It is incredibly amazing to me how my life has changed since bringing our daughter into the world. I realize this isn’t new to all the parents out there, but let me take you back to the beginning of your journey as parents and for those of you who have yet to join this unique club, let me tell you it is the ride of your life – and this is coming from someone who is just getting started.
First, let me say that describing the love of a child is impossible because it is something that resonates in your very core. When I just think upon my daughter and her little face – I know it well from studying it and staring at it avidly most of the day – it fills my whole body and soul with a pure, unending love. It is different from the love I have for anyone else in my life. There are people I love so dearly that it hurts sometimes when I think about them. However, my love for them is an active, daily decision that I learned, and it continues to grow and deepen with every day, but I must work at this kind of love. I don’t have to work at loving my baby girl – the love just exists.
I will be honest with you, though. I do not have that amazing birth story about how incredible I felt as I held my baby girl for the first time. I truly felt very little other than pure amazement that she was actually here. I don’t think it even dawned on me that I was going to meet the little being that had lived inside of me for nine months until the last moments of labor when they were shouting at me “She’s almost here!” I had this thought pass through my head, I remember looking at my husband too, and thinking “Oh! We’re about to meet her.” Just like that, the thought flitted through my brain and when they placed her on my chest all I could think was, “She doesn’t look like me. Is this really what my daughter looks like?” And, “She sure has a hairy back, poor thing, gets that from her father.” Seriously, these are the thoughts that went through my head.
While I was very excited, I also think that the weight of the emotions, preparation, and (oh yeah) a baby in me for the last 9 months and 12 hours of labor had exhausted everything; leaving me devoid of excitement and just plain exhausted. As family members came in to hold her, I was just kind of floating mentally between time and space.
I have to say that during those first moments what I felt was more of an instinctual love of my daughter. I wanted to protect her, keep her safe and do whatever needed to be done – my radar only focused on her, but as the days grew into weeks and now the weeks into months, it is incredible that my heart has been able to grow so big.
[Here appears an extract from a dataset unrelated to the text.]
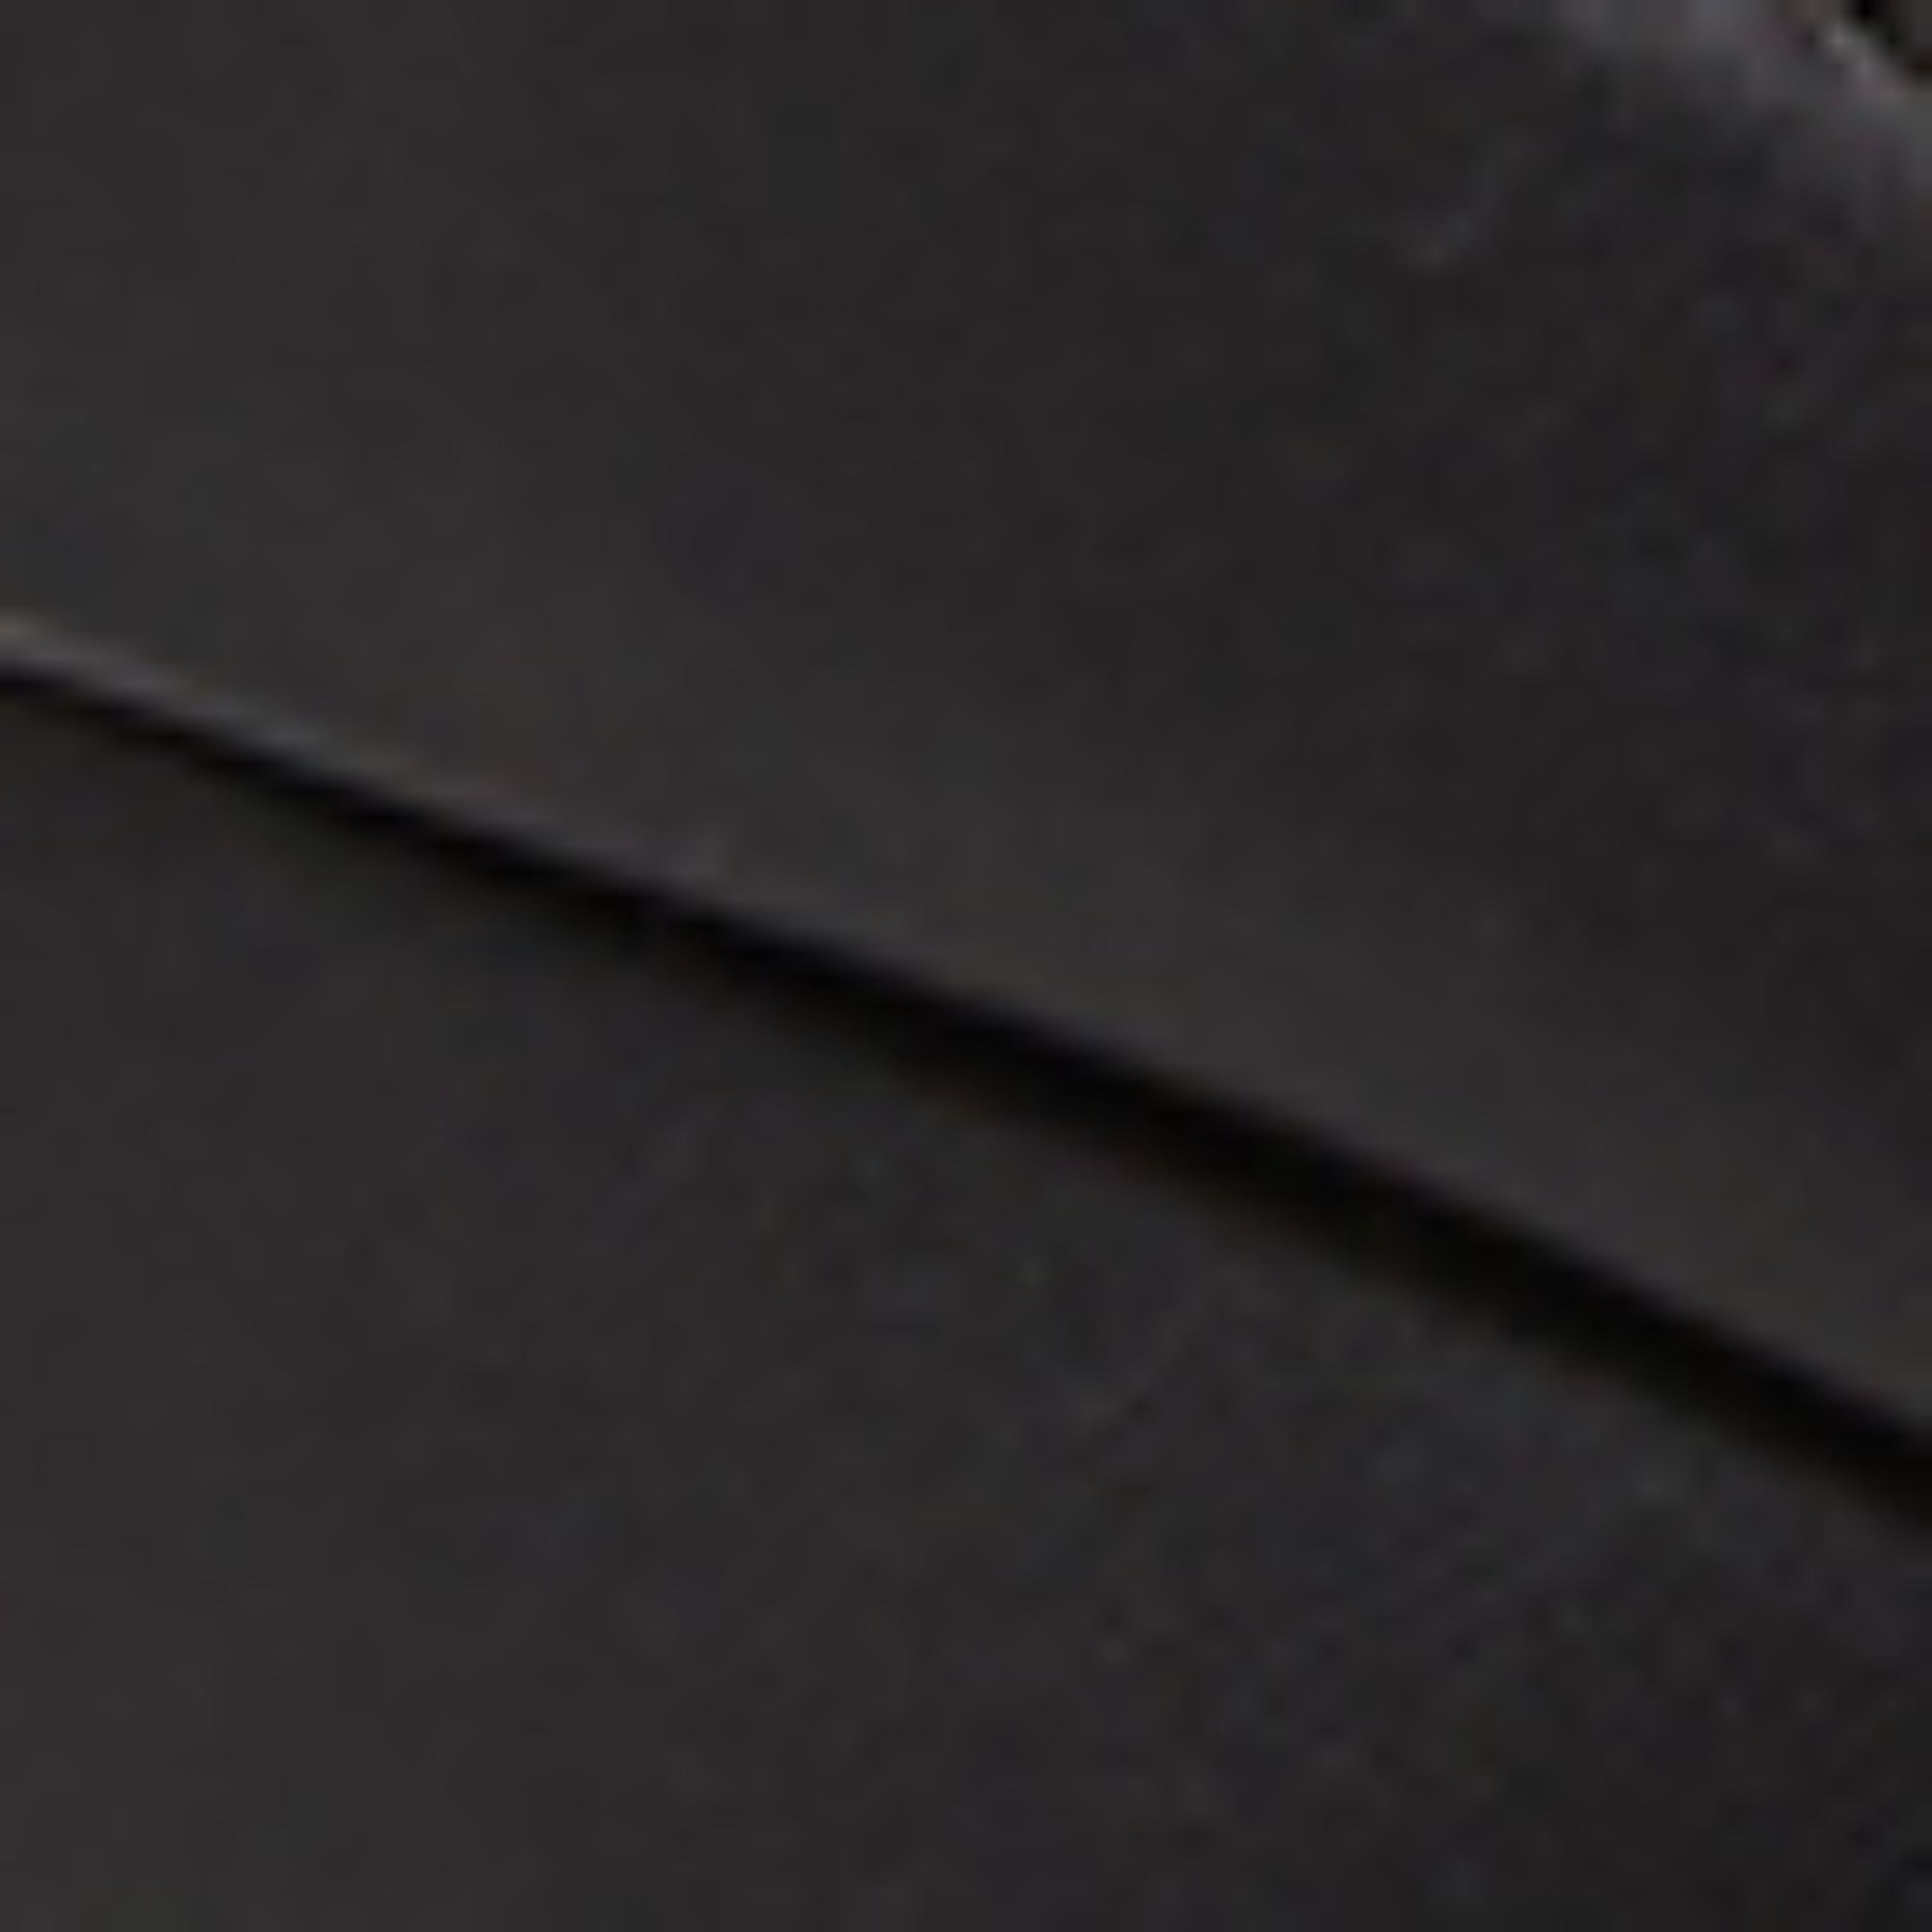 Gancini Sneaker in Calf Leather - Black/Vanilla

I did not realize how little it had been previously. Nor had I realized how selfish I was. I don’t mean this in a negative way to all those without children; I mean it to describe how much of my ‘self’ I have had to leave behind in order to make room for this little being and all the love that it necessary to provide for her physical and emotional needs.
Previously, I posted about how my love for my daughter has revealed God’s love for me. It has also revealed how much he gave for me on the cross and how truly unselfish our Lord has been with me throughout my life. He has given me all the necessities I need to survive and thrive, and he has watched me patiently stumble through life and gently and patiently picks me up and waits for me to go the right way.
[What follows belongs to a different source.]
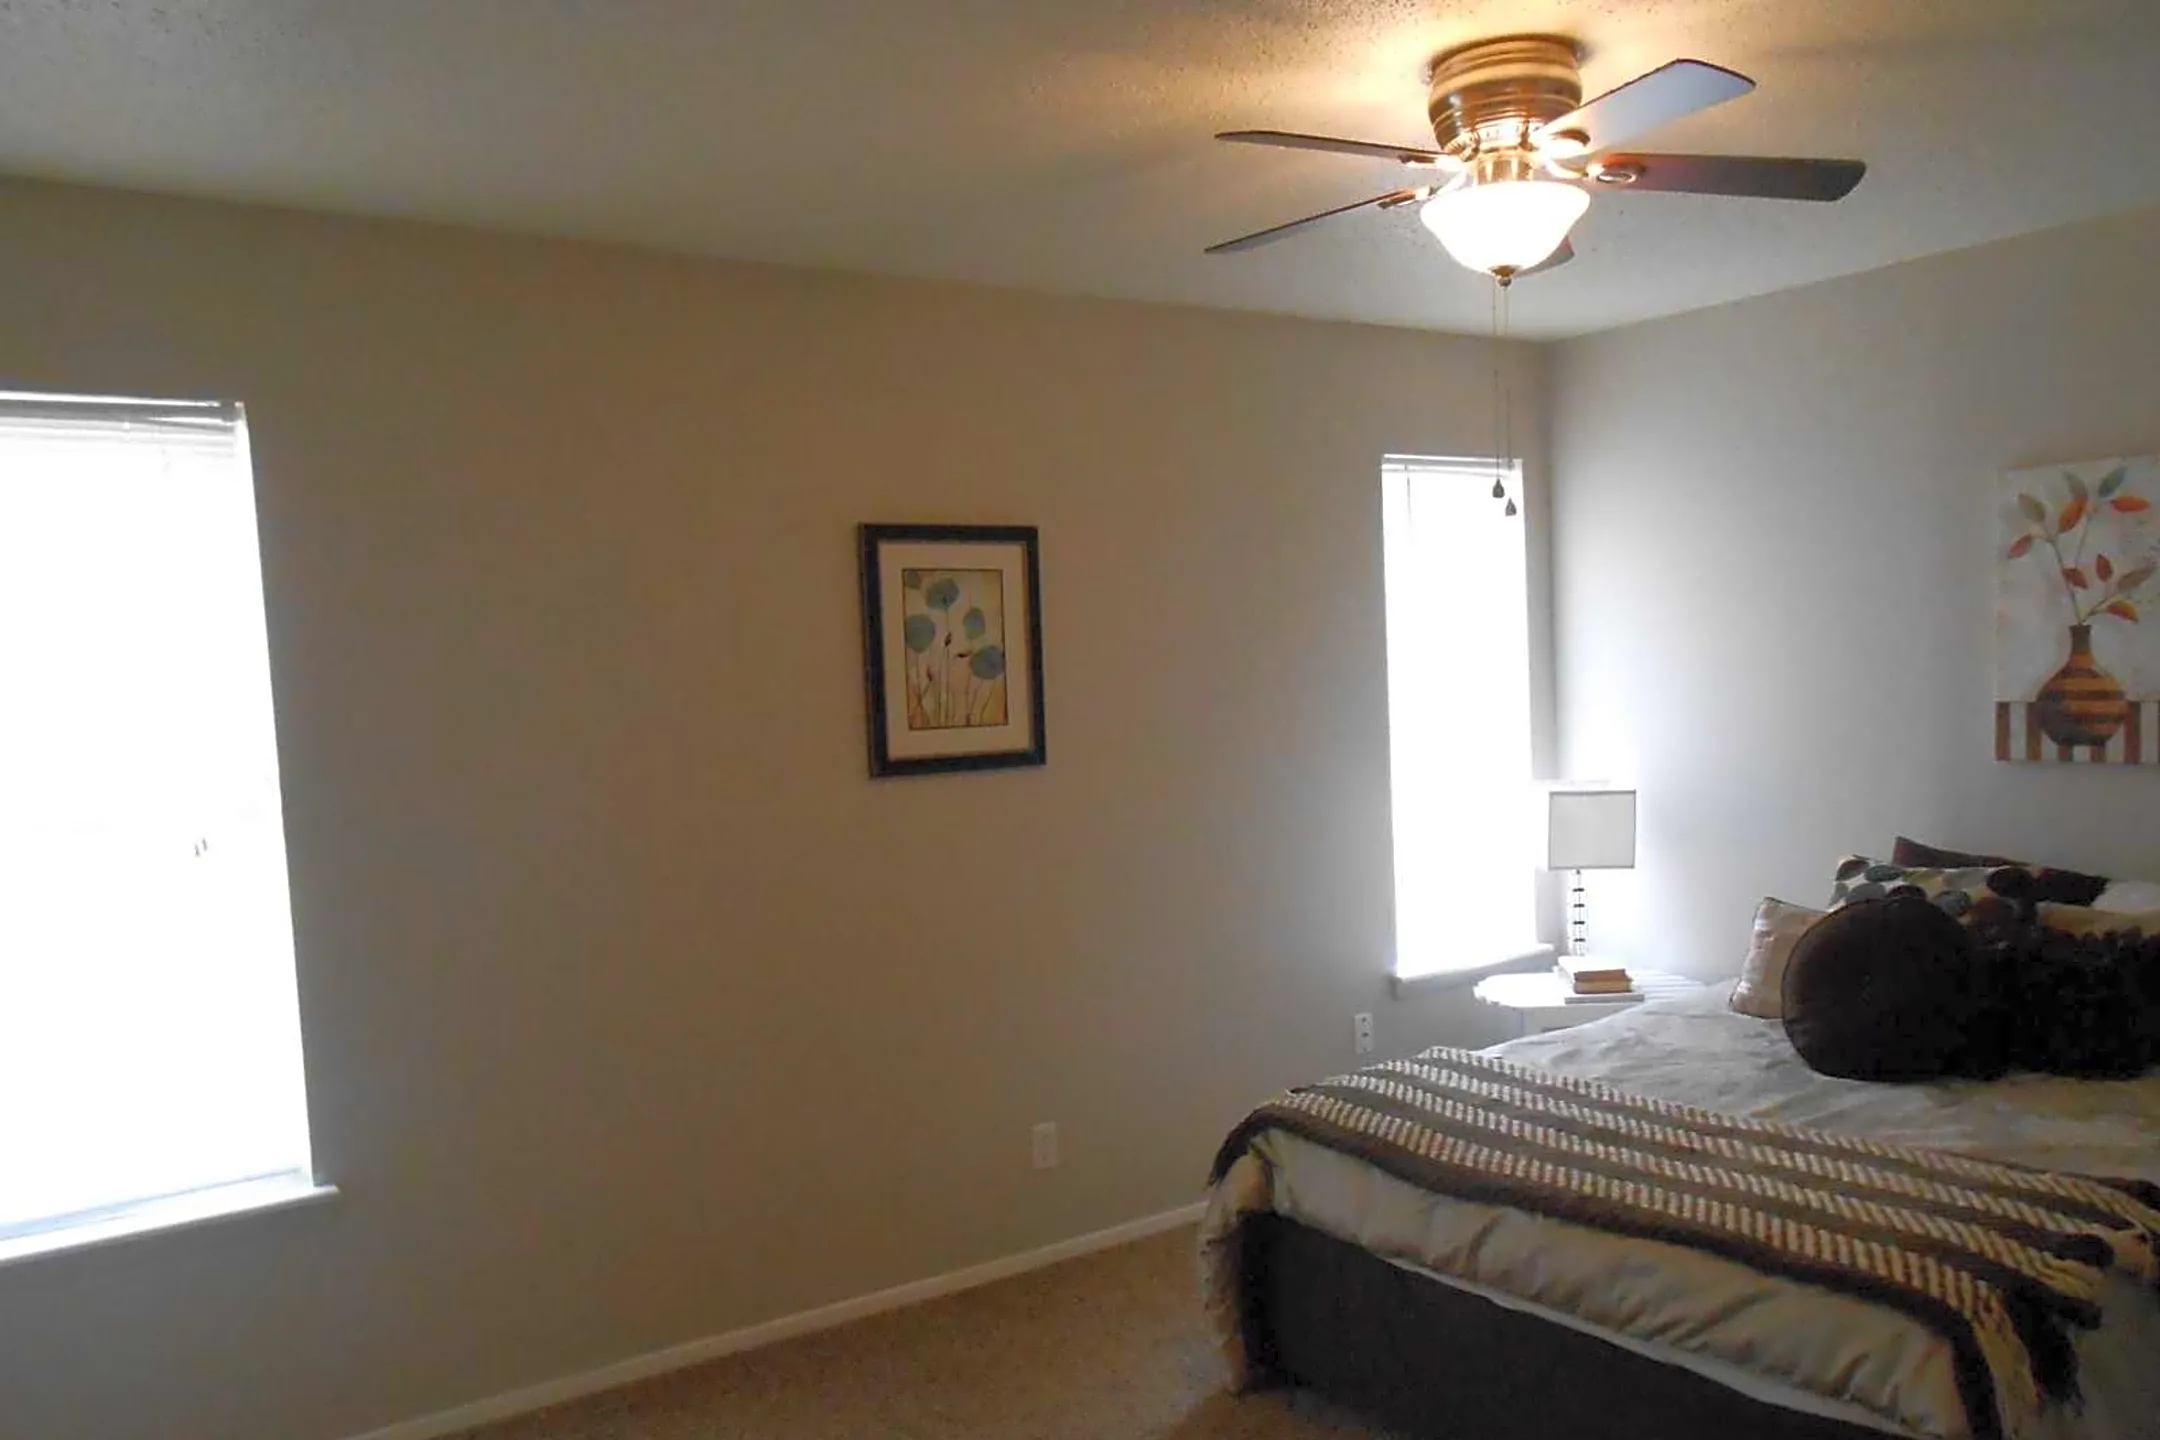 Bedroom - Sheppard's Edge Apartments - Wichita Falls, TX

I never knew how much having a child would erase “myself” and smooth out my rough spots – believe me it will take too many children to smooth it all away – and the funny part is that this is exactly what I was afraid of when I was pregnant – losing “me.” Isn’t that what our postmodern society is always yelling at us from the pages of every magazine and TV ad? – preserve the almighty self. What I have come to find is that losing sight of yourself by giving yourself completely to another, that is true love. Finally, the true task of life makes sense – Mother Teresa put is best, “True love is surrender. The more we love the more we surrender. If we really love souls we must be ready to take their place.”